Some Colorado legislators have shown impeccable timing in seeking to exacerbate the problem. Sen. Irene Aguilar, D-Denver, and Rep. Dominick Moreno, D-Commerce City, have introduced Senate Bill 016, which would force the closure of already existing freestanding emergency rooms unless they are owned by a hospital. SB 016 provides an exemption for emergency rooms more than 25 miles from a licensed hospital. Given the geographic structure of the Front Range corridor, however, the practical effect of the bill would be to give hospitals monopoly control of all emergency facilities.

Freestanding emergency rooms — some owned by hospitals and some not — already serve patients in metro Denver. They locate in areas that are underserved by the emergency rooms attached to hospitals. Different from urgent care centers, they charge more because they can do more. They typically have board-certified physicians on duty 24 hours a day, every day, and are equipped to diagnose and stabilize cardiac arrest, stroke symptoms and trauma.

Ambulances do not deliver patients to freestanding emergency rooms, and patients who arrive at them needing surgery or specialist care are transferred to hospitals. Under the federal Emergency Medical Treatment and Labor Act, all emergency rooms must treat and stabilize life-threatening conditions regardless of a patient’s ability to pay.

Without question, closing emergency rooms would harm patients.

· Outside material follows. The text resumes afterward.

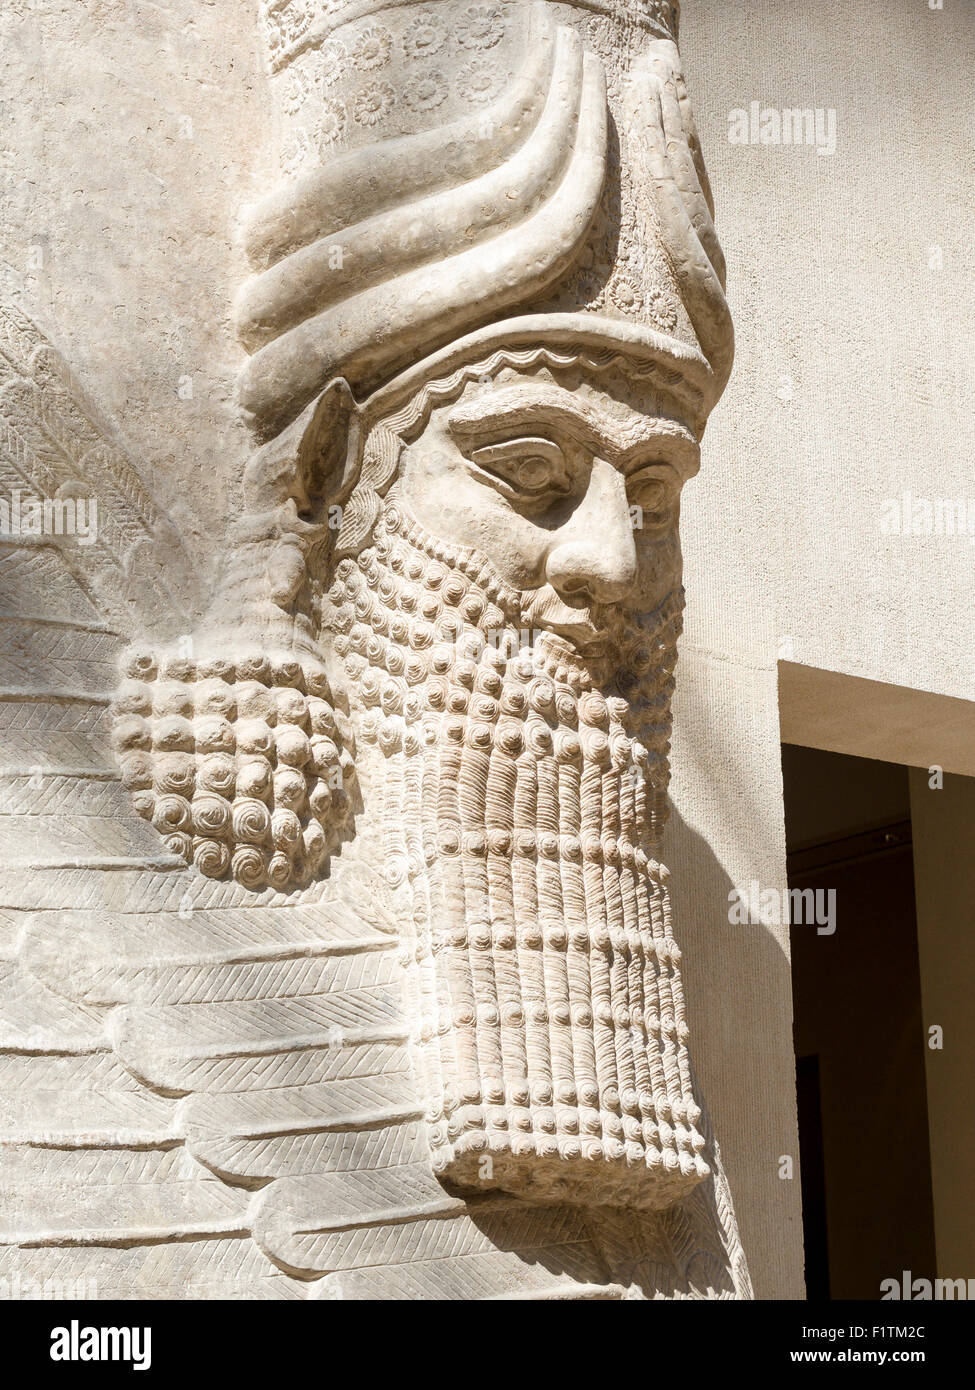 Uomo alato con testa di Bull: Testa e barba dettaglio. Originariamente parte di Sargon II capitale della Dur Sharrukin, ora Khorsabad. Dal Foto Stock

Patients visit emergency rooms because they are ill, though only about 17 percent of emergency room visits comprise conditions that result in admission to a hospital.

According to a 2013 Annals of Emergency Medicine study, patients wait longer and are more likely to leave without being seen in emergency rooms that handle large numbers of patients. As one would expect, these are often found at trauma centers. Freestanding emergency rooms can improve patient care by reducing travel times, waits for care and missed work. In doing so, they also may lessen pressures on the emergency departments that handle major trauma cases.

Why introduce a bill that harms patients? Competition from freestanding emergency rooms has the potential to reduce the amount that monopoly hospital emergency rooms can charge for their services. Like other special interest groups, Colorado’s existing hospitals have developed a loyal group of state legislators who are willing to vote for them without regard for the harm that protecting hospital cashflows inflicts on ordinary citizens in need of health care.

In 2009, these legislators supported a tax on hospital bills that had removed $2.9 billion from taxpayer wallets by 2012. Disguised as a fee to evade the Taxpayer Bill of Rights requirement for a vote on tax increases, this tax has increased health care costs. In addition, the hospitals have convinced legislators to pass laws prohibiting physician-owned specialty hospitals, even though research has shown that such hospitals help patients by improving care and reducing health care costs.

Colorado’s hospitals are big businesses. As the bill to close competitive emergency rooms shows, they would rather outlaw competitors than outproduce them. Colorado legislators need to remember that handing hospitals a monopoly over freestanding emergency rooms does not serve the best interests of their constituents. It will increase health care costs while reducing health care access, and increase the pain for ordinary citizens already suffering from Obamacare cost increases.